The Fantastic Four is a team of comic book superheroes in the Marvel Comics universe. Although the name suggests the team only has four members, in reality a number of other characters have, at one point or another, been considered members. Bold indicates current team member.

Fantastic Four

Close associates
A number of characters are closely affiliated with the team, share complex personal histories with one or more of its members but have never actually held an official membership. They include but are not limited to:
 Agatha Harkness: Agatha is initially hired by the Richards as a nanny for Franklin, and she is a witch from the Salem Witch Trials.
 Alicia Masters: Alicia is a blind sculptress, stepdaughter of the supervillain Puppet Master, and a longtime love interest of the Thing, as her blindness allows her to see the man inside rather than what he looks like. She also has a close relationship with Silver Surfer and travels with him for some time, and she is a frequent caretaker of Franklin and Valeria.
 Doctor Doom: He and Mister Fantastic attended college together, and he blames Richards for an experiment gone wrong which scarred his face. As the monarch of Latveria, he is the team's most deadly foe, although he sometimes helps them, such as when he aids in the birth of Valeria Richards.
 H.E.R.B.I.E. (Humanoid Experimental Robot, B-type, Integrated Electronics): H.E.R.B.I.E. is a robotic ally who first appeared in the 1978 Fantastic Four animated television series before being introduced into regular Marvel Universe continuity. The original H.E.R.B.I.E. is destroyed fighting Doctor Sun. Reed Richards builds later generations of H.E.R.B.I.E.s to act as a nanny/guardian for Franklin and Valeria.
 Inhuman Royal Family: Despite an initial conflict due to a misunderstanding, the Inhuman Royal Family is closely associated with the Fantastic Four, particularly Medusa and Crystal, who have both been members of the team.
 Kristoff Vernard: Kristoff is the former heir of Doctor Doom.

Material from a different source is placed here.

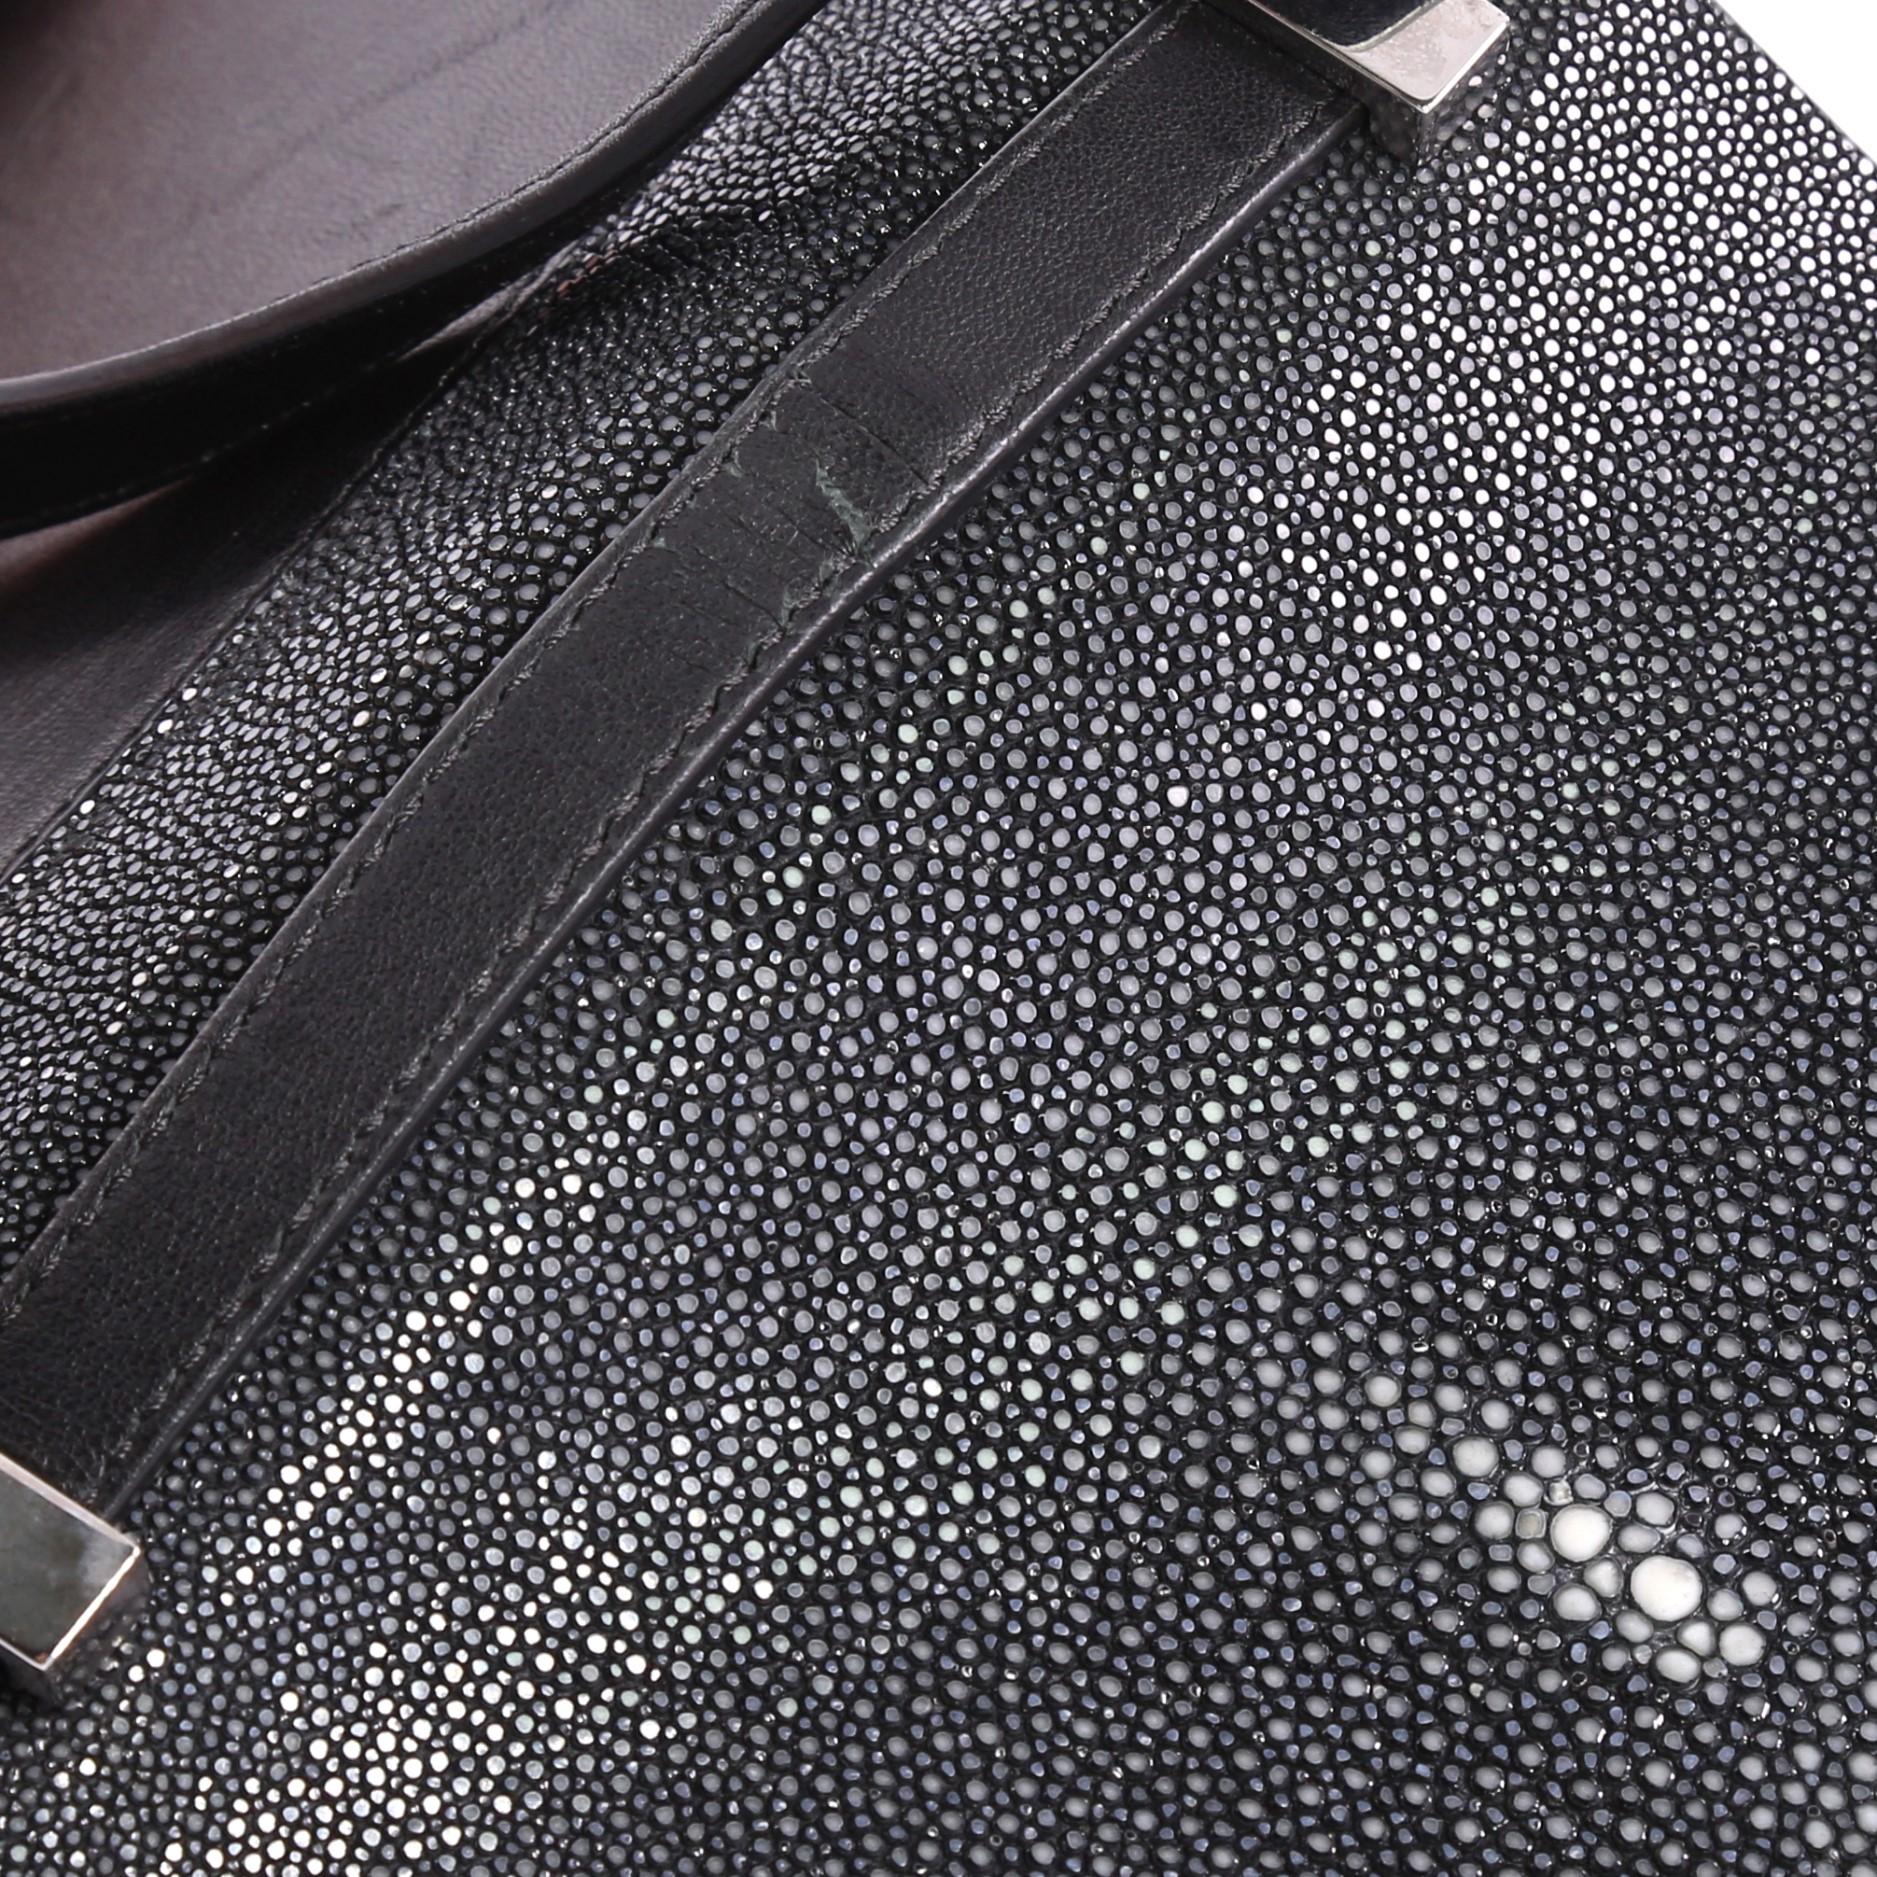 Givenchy Chain Pandora Box Handbag Stingray Mini 3

While under the delusion that he was the real Doctor Doom, Kristoff destroys the original Baxter Building.
 Lyja: Lyja is a female Skrull trained as an espionage agent. She secretly replaces Alicia between the events of The Thing #10 and Fantastic Four #265 (both April 1984). She falls in love with the Human Torch, and they eventually marry. Her identity was revealed in Fantastic Four #357–358 (October–November 1991), albeit as a retcon. Lyja helped the team recover the original Alicia to prove that she could be trusted. Her allegiances have since been divided between her native race and her new family, particularly her husband.
 Namor the Sub-Mariner: Initially cured of amnesia by the Human Torch, Namor has been both an ally and an enemy to the team.  Namor and the Invisible Woman have occasionally been romantically attracted, though she eventually chooses to marry Mister Fantastic.
 Roberta: An android (refers to herself as a "mechanized human") built by Reed Richards to function solely as the Fantastic Four's receptionist. She has proven to be a reliable ally and has shown to be capable of turning away protruders by force.
 Silver Surfer: Silver Surfer was initially at odds with the Fantastic Four as a herald of Galactus when he comes to devour Earth. It is his encounter with the Fantastic Four that persuades him to rebel against his master and drive Galactus away from Earth. Since then, he is a friend and frequent ally of the team.
 Molecule Man: Owen Reece was a weak and shy boy who was bullied by everyone. Later, when he grew up, he became a laboratory technician on a Nuclear plant, where he gained powers from a particle generator which bombarded him with an unknown form of radiation. The radiation had a mutagenic effect on Reece, releasing his potential for psionic powers on a cosmic scale. Reece could now control all matter, even down to the molecular level, and all energy. Using his newfound powers he went to take revenge on his bullies. He often came in conflict with the team, but at times, he also worked with them, acting as an anti-hero.
 Thundra: Thundra is a Femizon warrior who originates from a matriarchal technologically advanced society in an alternate reality's 23rd century. She initially appears as a member of convenience of the Frightful Four, but her true purpose was to challenge the Thing as she believes he is the strongest male warrior in history. She goes on to become a frequent ally of the team and shows romantic interest in the Thing.
  Uatu the Watcher: Uatu is a member of the Watchers, an extraterrestrial race that monitors and records the activities of other planets, who are forbidden from interfering. Uatu has shown an affinity for humanity, particularly the Fantastic Four, and has occasionally broken this rule to assist them.
 Wyatt Wingfoot: Johnny Storm's college friend, Native American sometime-adventurer, and one-time love interest of She-Hulk, Wyatt is the son of "Big Will Wingfoot," one of Empire State University's most legendary football players.

New Fantastic Four
In Fantastic Four (1st series) #347–349 (December 1990 – February 1991) a female Skrull alien who was both a shape-shifter and a telepath managed to capture the team.  Impersonating the Invisible Woman, she falsely reported the other members to be deceased and recruited four other heroes as a new Fantastic Four to avenge them, before dispatching them to try and steal a powerful weapon from the Mole Man. Members of this short-lived team included:

 The Hulk (in his grey "Mr. Fixit" persona)
 Spider-Man. He had actually once applied for membership in the team in The Amazing Spider-Man (1st series) #1 (March 1963), but quit upon realization that he would not be paid. He and the Human Torch remain longtime friends.
 Wolverine
 Ghost Rider (Danny Ketch)

In Fantastic Four (1st series) #374–375 (March 1993 – April 1993), Dr. Strange brings this same team back together to arrest the Human Torch after he went nova and destroyed a whole quarter of the city. This story was the start for the Secret Defenders ongoing series.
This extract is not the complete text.